The performance of Top-3 exhibits a slight decline, potentially due to two factors: (1) An excessive number of reference questions may lead to an overly long input prompt, making it difficult for PRMs to comprehend or extract key information effectively. (2) A limited retrieval pool might result in later reference questions being less relevant than earlier ones, increasing the likelihood of misjudgments in the model’s predictions.
## 5 Related Works
### 5.1 Process Reward Models
Process reward models (PRMs) have demonstrated significant advantages over traditional outcome reward models (ORMs) Cobbe et al. (2021) in enhancing process-level reasoning accuracy and improving long-process reasoning abilities in model training Lightman et al. (2023); Uesato et al. (2022). A growing number of PRMs have been proposed for application in process-level reinforcement learning with human feedback (RLHF) Wang et al. (2024b); Qin et al. (2024); Xia et al. (2025); o1 Team (2024). For instance, Lightman et al. (2023) made a substantial contribution by releasing a large set of human-annotated data at the process level, opening up new research opportunities for multi-step reasoning.

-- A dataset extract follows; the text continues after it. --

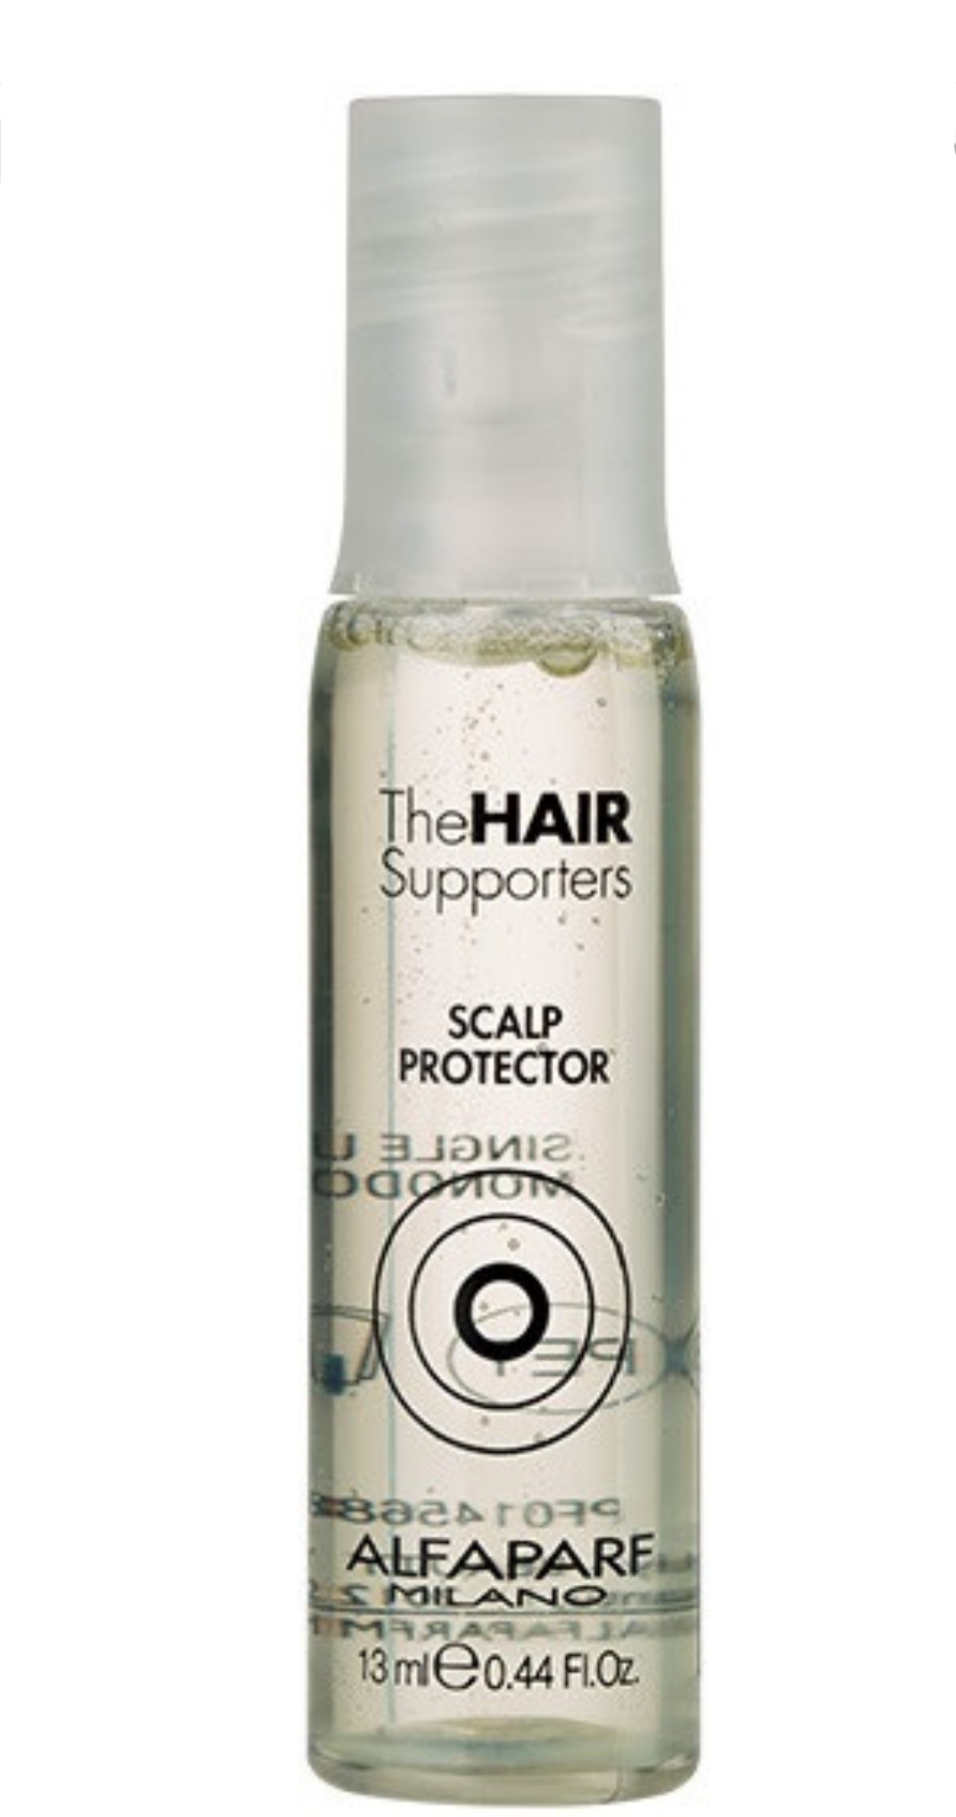 فراورده های حالت دهنده ،نرم کننده وتثبیت کننده آرایش مو (کرمها ، لوسیونها وروغنها) ALFA PARF MILANO Hair supporters scalp protector

Additionally, Wang et al. (2024b) introduces an automatic, self-supervised pipeline for generating process-level labels and training PRMs, enabling efficient data generation. Xia et al. (2025) employs PRMs as automatic evaluators to assess the accuracy of multi-step reasoning in language models (LMs). With the surge in PRM-focused research and data curation, numerous PRMs o1 Team (2024); Xiong et al. (2024); Sun et al. (2024); Gao et al. (2024a); Wang et al. (2024a) have been proposed. Additionally, several studies focus on leveraging natural language feedback from large language models (LLMs) as rewards, which are termed critic models McAleese et al. (2024); Zhang et al. (2024); Gao et al. (2024a).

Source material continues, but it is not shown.